Storicamente, le borse con staffa sono documentate soprattutto nel tardo Medioevo – tra cittadini, artigiani e mercanti che necessitavano di un contenitore pratico, da portare alla cintura, per monete e piccoli oggetti. La forma variava a seconda della regione, ma la struttura di base composta da staffa, linguetta in pelle e cinturino rimaneva sostanzialmente costante.

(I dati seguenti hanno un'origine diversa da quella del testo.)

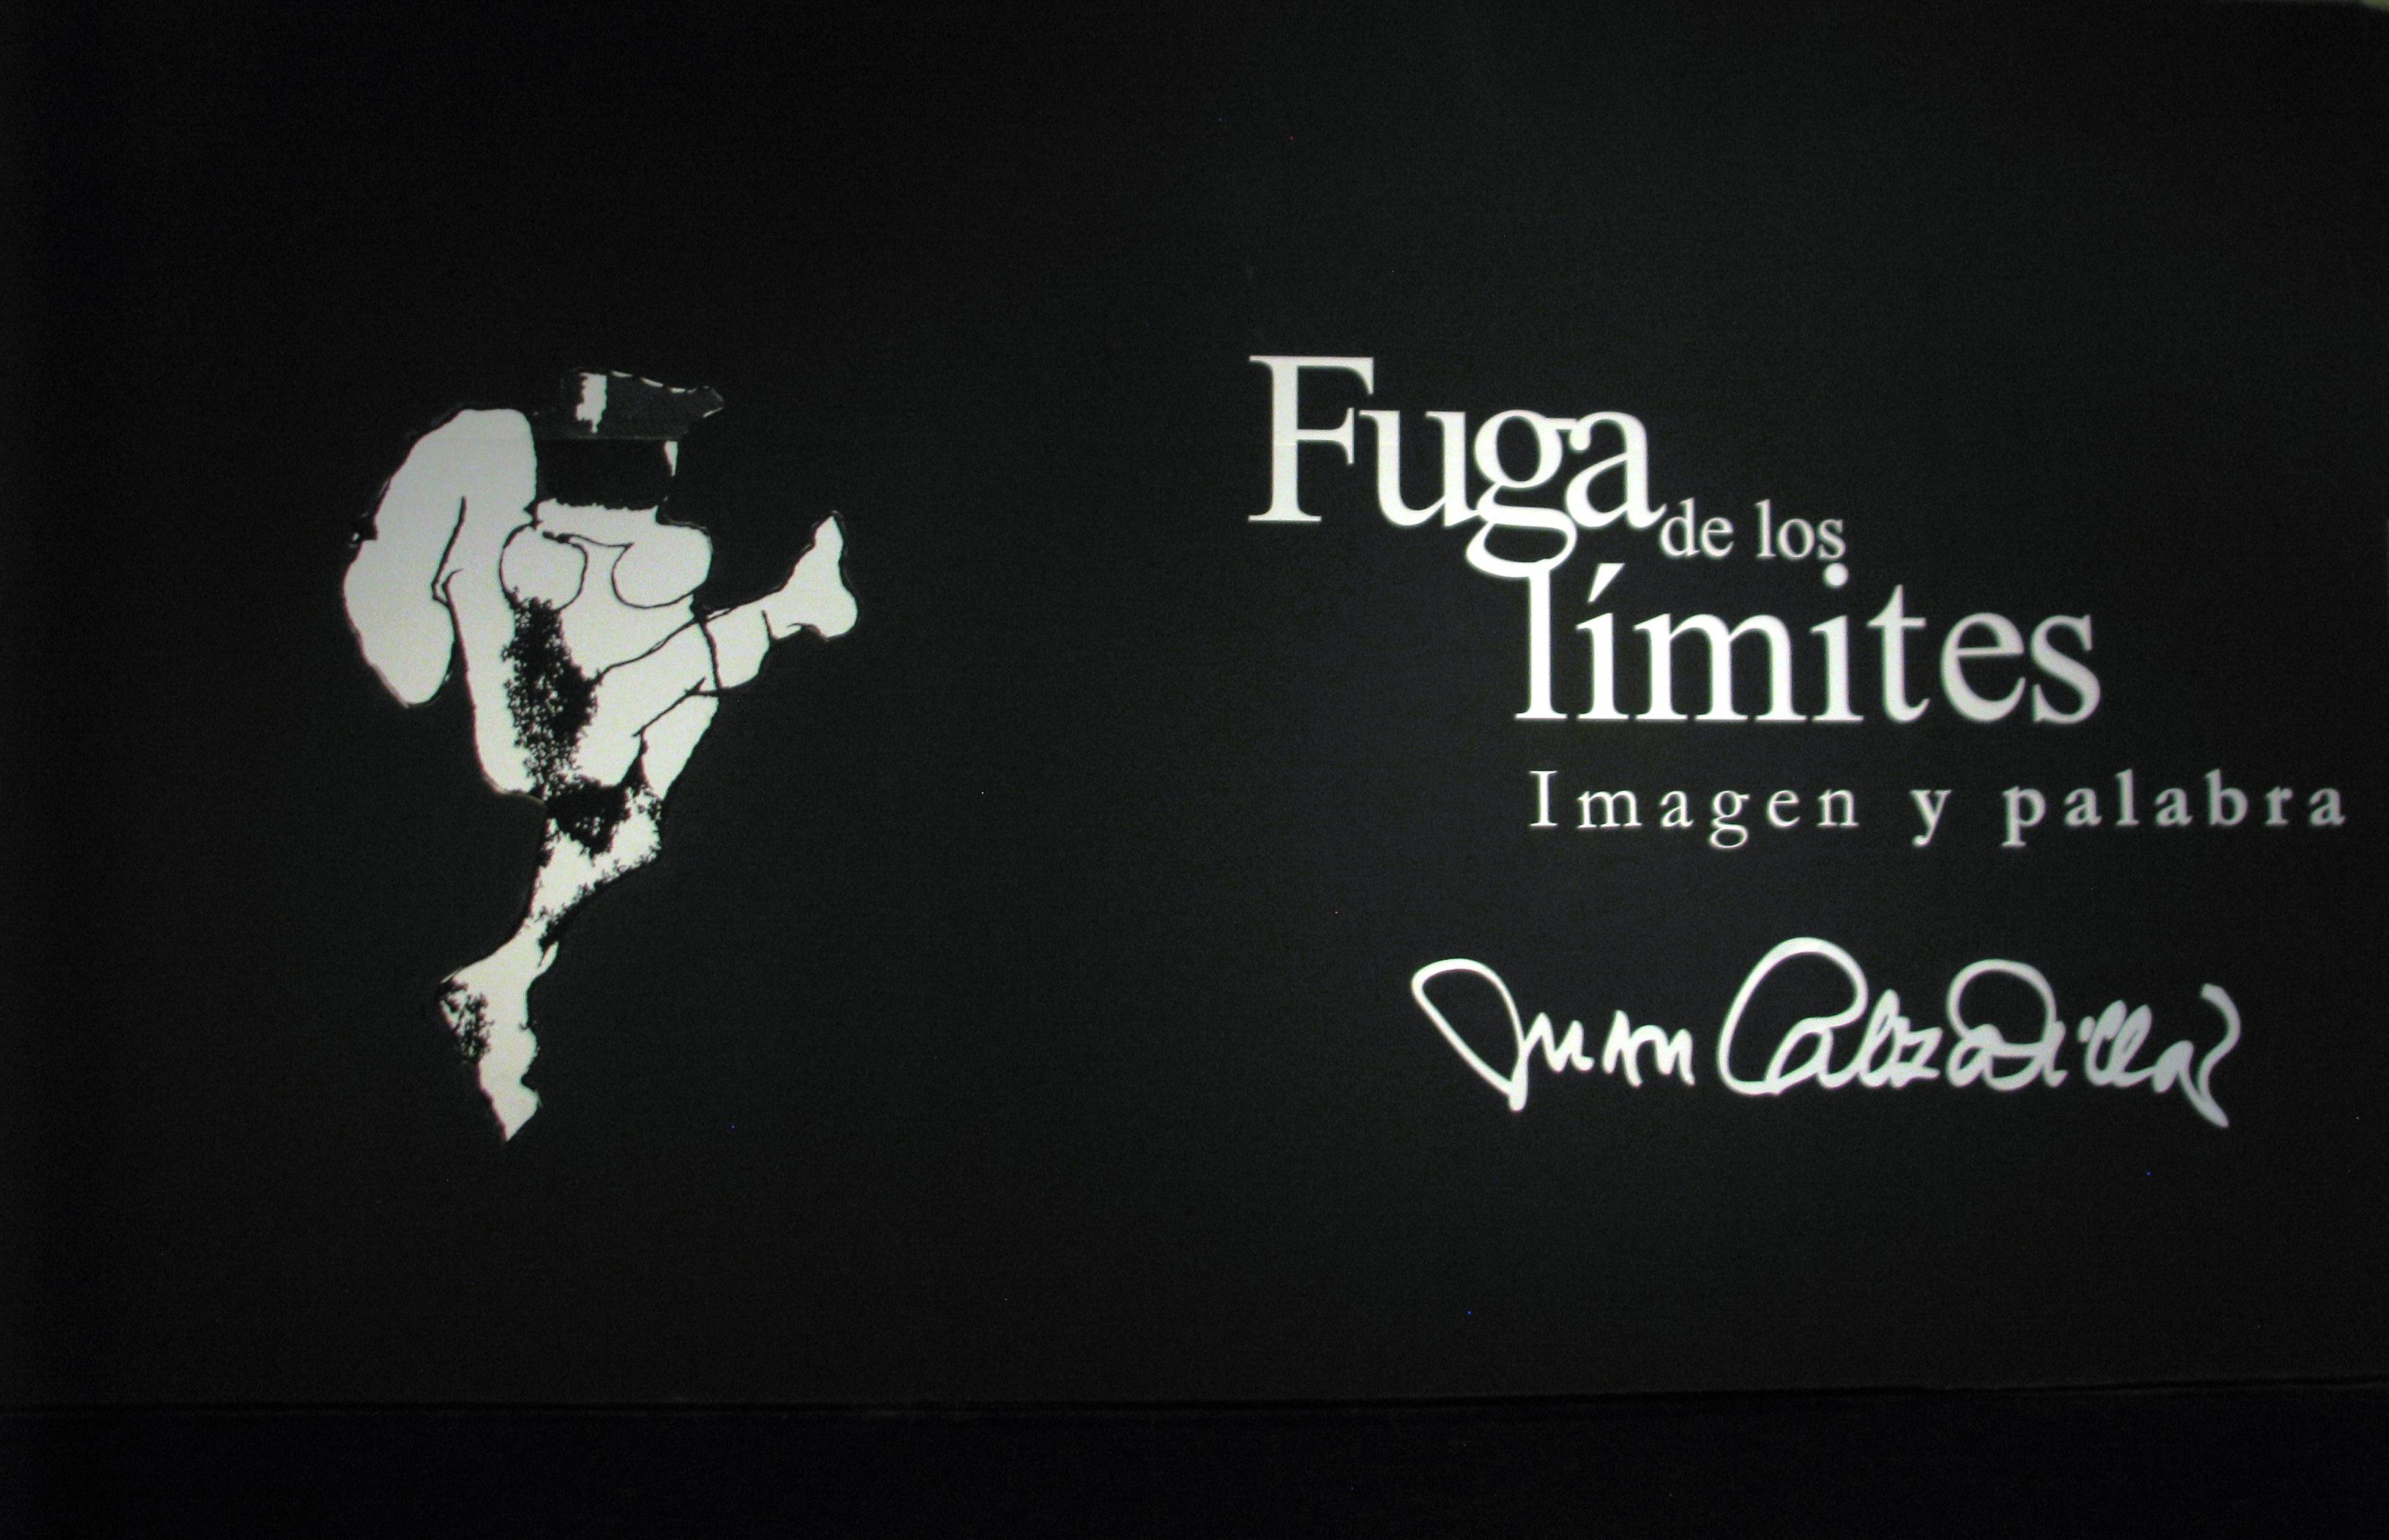 FUGA DE LOS LIMITES, Imagen y Palabra Exposición del Maestro Juan Calzadilla en la GAN
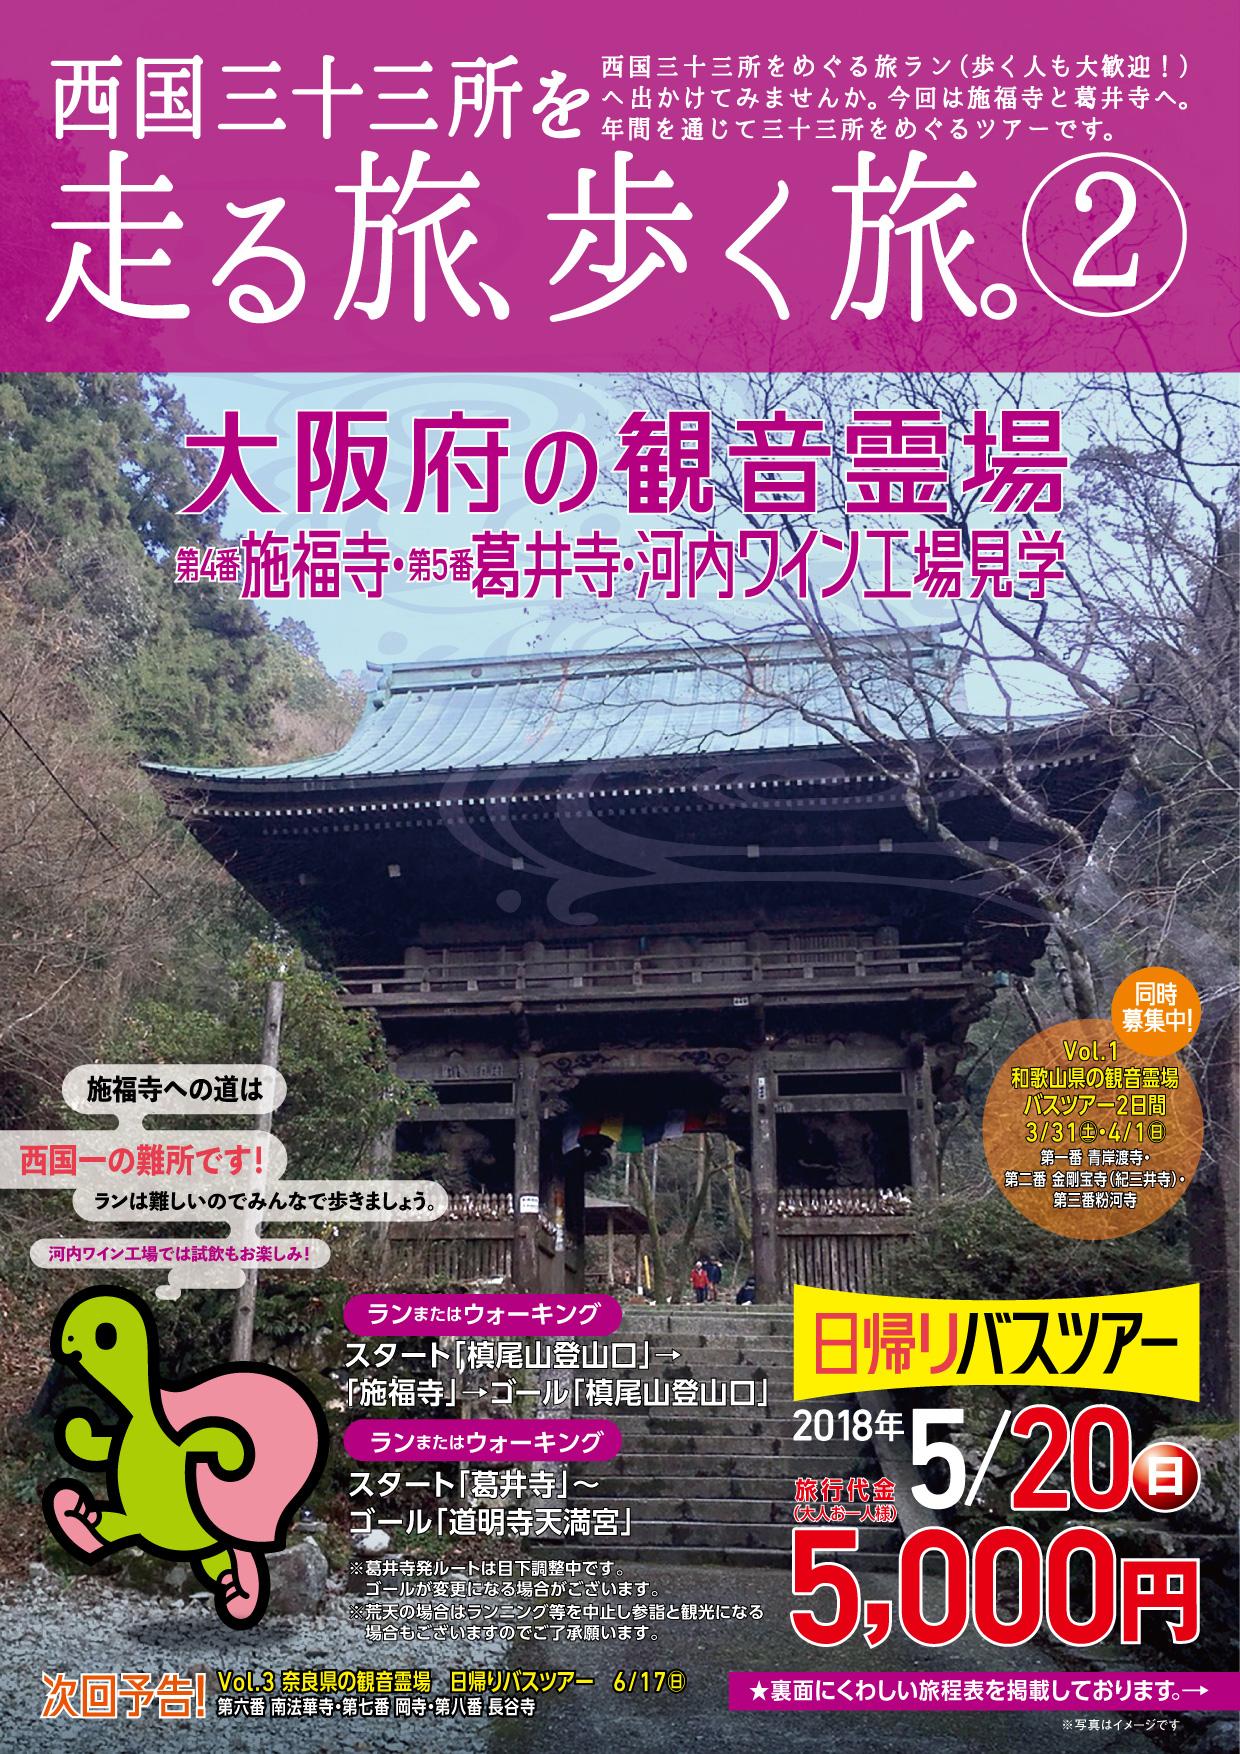 「西国三十三所を走る旅、歩く旅。」〜vol.2 大阪府の観音霊場〜

L'ottone come materiale non è solo una scelta storicamente corretta, ma anche pratica: non si corrode quasi per nulla, si salda e si lavora bene e con il tempo sviluppa una patina caratteristica che conferisce all'oggetto finito ulteriore autenticità. Chi cerca inoltre borse e sacchetti già pronti come riferimento o complemento, li troverà nella categoria Sacchetti medievali.
Che si tratti della tua prima borsetta cucita a mano o di un fodero per spada riccamente decorato, con i materiali di consumo giusti della gamma Vehi Mercatus avrai a portata di mano tutto ciò che ti serve per realizzare creazioni autentiche. Sfoglia le sottocategorie o chiamaci semplicemente se hai dubbi sulla scelta dei materiali.
Domande frequenti
L'ottone e il bronzo erano i materiali preferiti per le finiture, le fibbie e i rivetti, grazie alla loro resistenza alla corrosione e alla maggiore lavorabilità rispetto al ferro. I reperti archeologici dimostrano il loro uso diffuso fin dall'alto Medioevo, sia tra contadini e artigiani che tra le classi più abbienti. Per una rievocazione storica autentica, l'ottone è quindi la scelta migliore.
Un puntale è il fermaglio terminale all'estremità inferiore di un fodero. Protegge il fodero dall'usura e nel Medioevo aveva anche una funzione decorativa: soprattutto nelle spade nordiche si trovano puntali riccamente decorati e placcati in argento nei reperti archeologici. Chi desidera costruire un proprio fodero ha bisogno di un puntale adatto come chiusura.
Nel caso di anelli con occhielli, la cinghia di cuoio viene fatta passare attraverso gli occhielli laterali e poi cucita o fissata con un rivetto: questo è il metodo più semplice e diffuso. Nel caso di anelli senza occhielli, il cuoio viene ripiegato attorno al telaio dell’anello e cucito. Per entrambe le varianti è adatto il filo di lino o il filo da sellaio in commercio.
Per l'abbigliamento predominavano la lana e il lino – entrambi materie prime naturali, di qualità variabile a seconda della regione e della classe sociale. La seta era un bene di lusso e rimaneva appannaggio delle classi più abbienti. Per gli accessori come borse, foderi e cinture, il materiale universale era la pelle, conciata al vegetale e spesso dotata di finiture in ottone o bronzo.
Per iniziare è sufficiente un kit base: un'archetto per borsa della larghezza desiderata (13,5 o 17,5 cm), una breve cinghia di cuoio, un paio di rivetti e un pezzo di cuoio conciato al vegetale per il corpo della borsa. Facoltativamente, è possibile creare un effetto anticato utilizzando del colore per cuoio. Il costo totale dei materiali per una prima borsa rimane ben al di sotto dei 100 euro.